■ **WORK ITEM**
Using the records provided below, locate and copy each line that contains the word "para".
***** GIVEN RECORDS *****
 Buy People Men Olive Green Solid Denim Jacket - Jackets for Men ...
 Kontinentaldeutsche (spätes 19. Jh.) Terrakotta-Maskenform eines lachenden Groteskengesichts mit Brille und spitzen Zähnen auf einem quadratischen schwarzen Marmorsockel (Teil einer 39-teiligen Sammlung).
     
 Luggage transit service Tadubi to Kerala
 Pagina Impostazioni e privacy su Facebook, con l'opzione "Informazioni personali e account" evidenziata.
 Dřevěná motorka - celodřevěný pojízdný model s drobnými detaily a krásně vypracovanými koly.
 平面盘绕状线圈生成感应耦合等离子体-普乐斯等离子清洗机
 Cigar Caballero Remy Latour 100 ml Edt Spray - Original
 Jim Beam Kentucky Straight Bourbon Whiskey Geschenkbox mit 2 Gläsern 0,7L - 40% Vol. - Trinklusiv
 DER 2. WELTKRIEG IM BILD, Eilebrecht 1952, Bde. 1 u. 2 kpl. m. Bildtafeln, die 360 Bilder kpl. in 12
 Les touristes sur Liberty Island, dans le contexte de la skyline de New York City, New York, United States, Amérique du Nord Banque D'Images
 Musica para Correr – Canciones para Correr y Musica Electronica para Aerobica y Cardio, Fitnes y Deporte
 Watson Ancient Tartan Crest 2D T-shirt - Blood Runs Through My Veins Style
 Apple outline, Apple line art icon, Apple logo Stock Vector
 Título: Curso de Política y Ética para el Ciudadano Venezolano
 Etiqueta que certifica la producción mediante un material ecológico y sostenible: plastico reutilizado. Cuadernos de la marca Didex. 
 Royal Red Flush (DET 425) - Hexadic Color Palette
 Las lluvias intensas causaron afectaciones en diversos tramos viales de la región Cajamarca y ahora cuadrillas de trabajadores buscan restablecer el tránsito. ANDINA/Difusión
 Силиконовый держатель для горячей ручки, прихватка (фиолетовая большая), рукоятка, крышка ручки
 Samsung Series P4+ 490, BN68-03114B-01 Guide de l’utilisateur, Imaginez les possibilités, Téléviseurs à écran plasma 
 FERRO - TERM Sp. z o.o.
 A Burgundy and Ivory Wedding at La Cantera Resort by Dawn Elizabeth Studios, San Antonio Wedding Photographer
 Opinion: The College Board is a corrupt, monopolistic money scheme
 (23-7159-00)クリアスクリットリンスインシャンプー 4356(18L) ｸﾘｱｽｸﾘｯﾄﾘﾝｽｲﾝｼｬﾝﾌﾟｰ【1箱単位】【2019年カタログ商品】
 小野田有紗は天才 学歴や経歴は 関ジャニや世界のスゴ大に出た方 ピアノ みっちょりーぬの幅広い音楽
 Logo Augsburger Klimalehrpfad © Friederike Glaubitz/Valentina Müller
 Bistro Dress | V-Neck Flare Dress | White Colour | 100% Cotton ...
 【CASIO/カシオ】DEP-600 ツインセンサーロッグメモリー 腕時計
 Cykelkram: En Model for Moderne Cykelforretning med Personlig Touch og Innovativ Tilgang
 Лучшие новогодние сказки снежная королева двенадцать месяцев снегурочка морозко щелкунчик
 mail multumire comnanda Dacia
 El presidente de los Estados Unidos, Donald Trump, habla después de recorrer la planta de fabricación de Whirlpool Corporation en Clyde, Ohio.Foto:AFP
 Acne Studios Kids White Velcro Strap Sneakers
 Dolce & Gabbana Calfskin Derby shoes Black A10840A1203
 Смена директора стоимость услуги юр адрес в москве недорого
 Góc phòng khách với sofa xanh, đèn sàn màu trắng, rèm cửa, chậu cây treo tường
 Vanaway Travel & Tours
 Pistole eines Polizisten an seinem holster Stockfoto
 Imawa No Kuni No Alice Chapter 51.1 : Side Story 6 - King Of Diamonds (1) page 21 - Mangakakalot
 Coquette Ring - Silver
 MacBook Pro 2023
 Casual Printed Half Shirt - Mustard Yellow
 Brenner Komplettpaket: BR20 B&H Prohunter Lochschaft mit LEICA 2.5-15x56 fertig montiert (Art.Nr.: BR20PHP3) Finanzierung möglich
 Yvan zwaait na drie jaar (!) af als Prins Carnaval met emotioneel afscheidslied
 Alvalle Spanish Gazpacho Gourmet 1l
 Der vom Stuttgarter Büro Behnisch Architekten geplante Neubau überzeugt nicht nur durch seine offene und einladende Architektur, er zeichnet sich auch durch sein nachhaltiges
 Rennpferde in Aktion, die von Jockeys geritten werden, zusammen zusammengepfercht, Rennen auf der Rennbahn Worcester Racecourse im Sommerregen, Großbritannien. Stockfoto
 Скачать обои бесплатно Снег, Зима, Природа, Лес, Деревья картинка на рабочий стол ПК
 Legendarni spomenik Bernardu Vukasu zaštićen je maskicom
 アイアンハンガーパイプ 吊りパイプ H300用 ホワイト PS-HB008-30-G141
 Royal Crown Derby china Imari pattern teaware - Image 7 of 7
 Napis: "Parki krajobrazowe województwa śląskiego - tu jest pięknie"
*****
■ **EXPECTED ANSWER**
 Musica para Correr – Canciones para Correr y Musica Electronica para Aerobica y Cardio, Fitnes y Deporte
 Título: Curso de Política y Ética para el Ciudadano Venezolano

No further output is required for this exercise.